Avoid rapid and deep discharging of your EV battery
Because lithium-ion batteries work better on a partial charging cycle, deep discharging can also cause EV battery depletion and degradation.
Minimize quick charging of your EV battery
As mentioned earlier, quick charging generates high temperatures which can rapidly damage and deplete your EV battery.
If you are driving a Plug-In Hybrid Electric Vehicle (PHEV), always switch your car to “Save” when driving along long highways or up mountains.
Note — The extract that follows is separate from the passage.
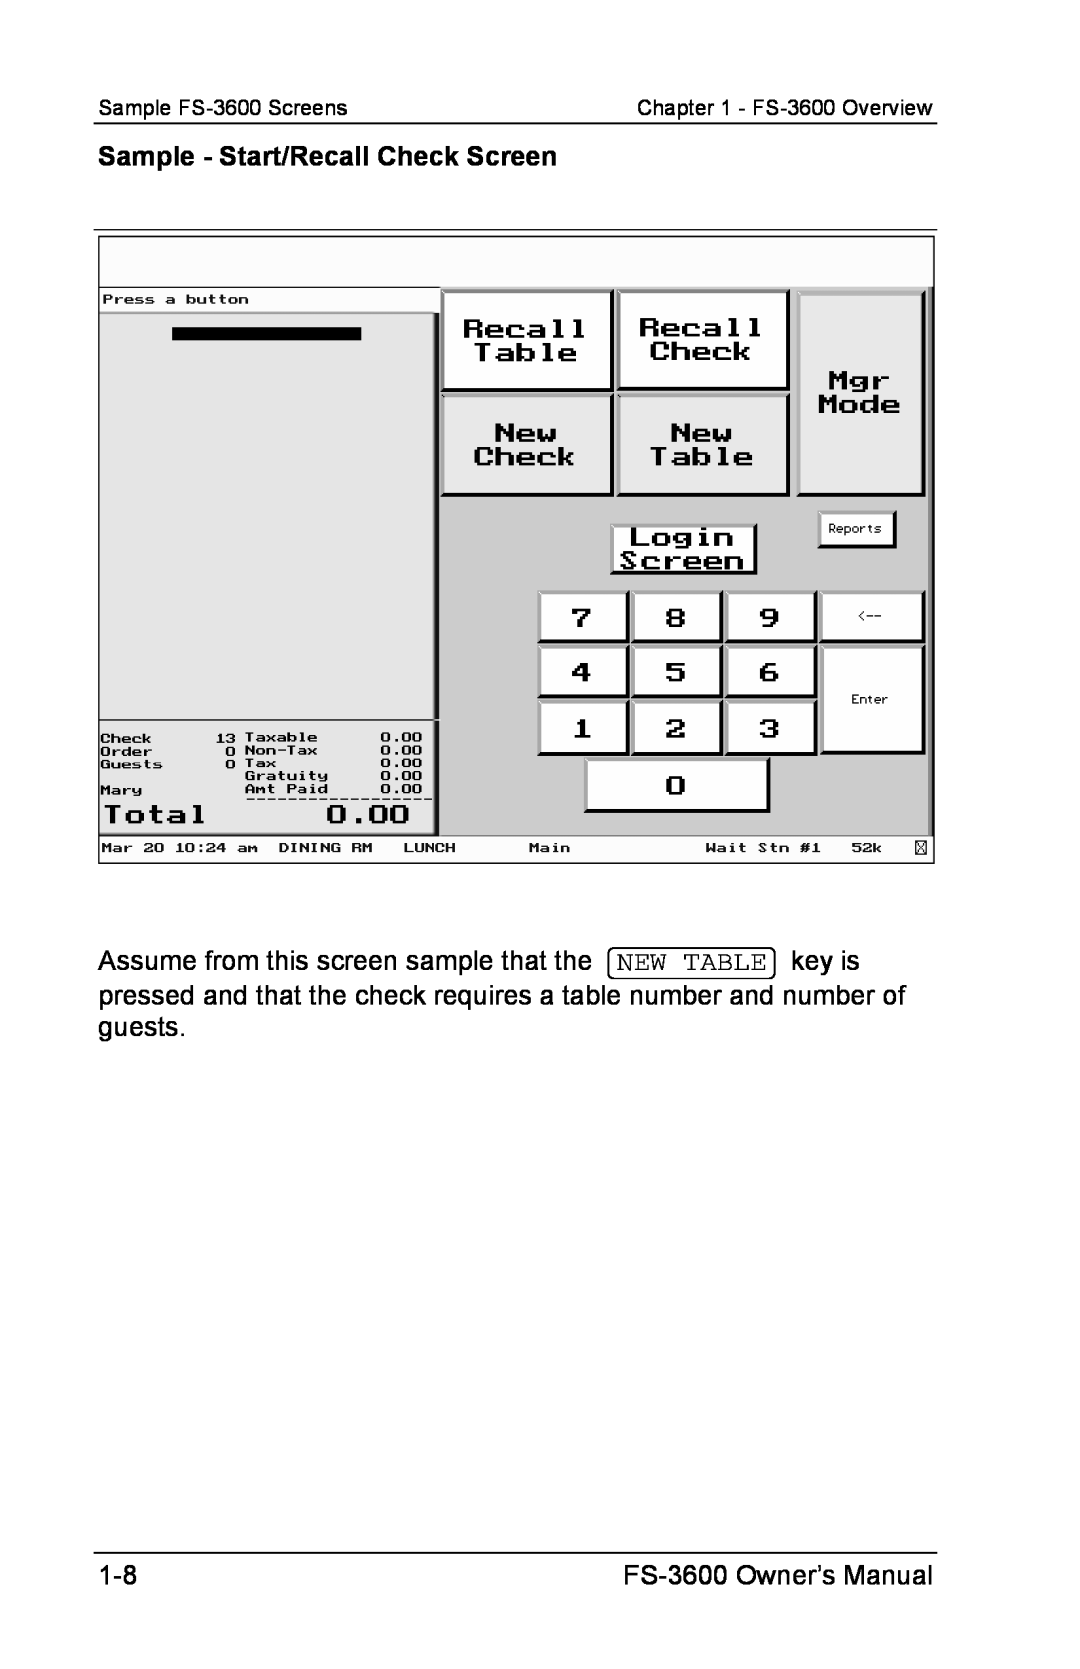 Toshiba owner manual Sample - Start/Recall Check Screen, FS-3600Owner’s Manual, Sample FS-3600Screens, FS-3600Overview

Switching to “Save” lets your electric vehicle switch to the gasoline engine, instead of the EV battery, which is more capable of handling long travels or drives up steep inclines.
While current EV batteries are far from perfect, scientists are coming up with Future EV battery technology as we speak, one of them being the development of green electric vehicle batteries.
What are green electric vehicle batteries?
You may be wondering “Aren’t electric vehicles (and their batteries) considered ‘green’ or environmentally friendly?” Well, the answer is yes and no. It is true that electric vehicle batteries do reduce carbon emissions because they don’t use fossil fuels and they are recyclable to serve as storage for houses using alternative energy. However, the batteries themselves are not made from recycled materials.
This year alone, scientists are getting ready to introduce the very first green electric vehicle battery. These are batteries made from 100% recycled active materials. With this technology, lithium, nickel, magnesium, and cobalt from old EV batteries can be used in the production of new batteries. These sustainable EV batteries are expected to have an improved environmental footprint and could drive down costs of the batteries themselves.
Any responsible EV owner can take steps to ensure that their electric vehicle batteries last for years. Through proper care of EV batteries, you can expect greater longevity and better performance in your car.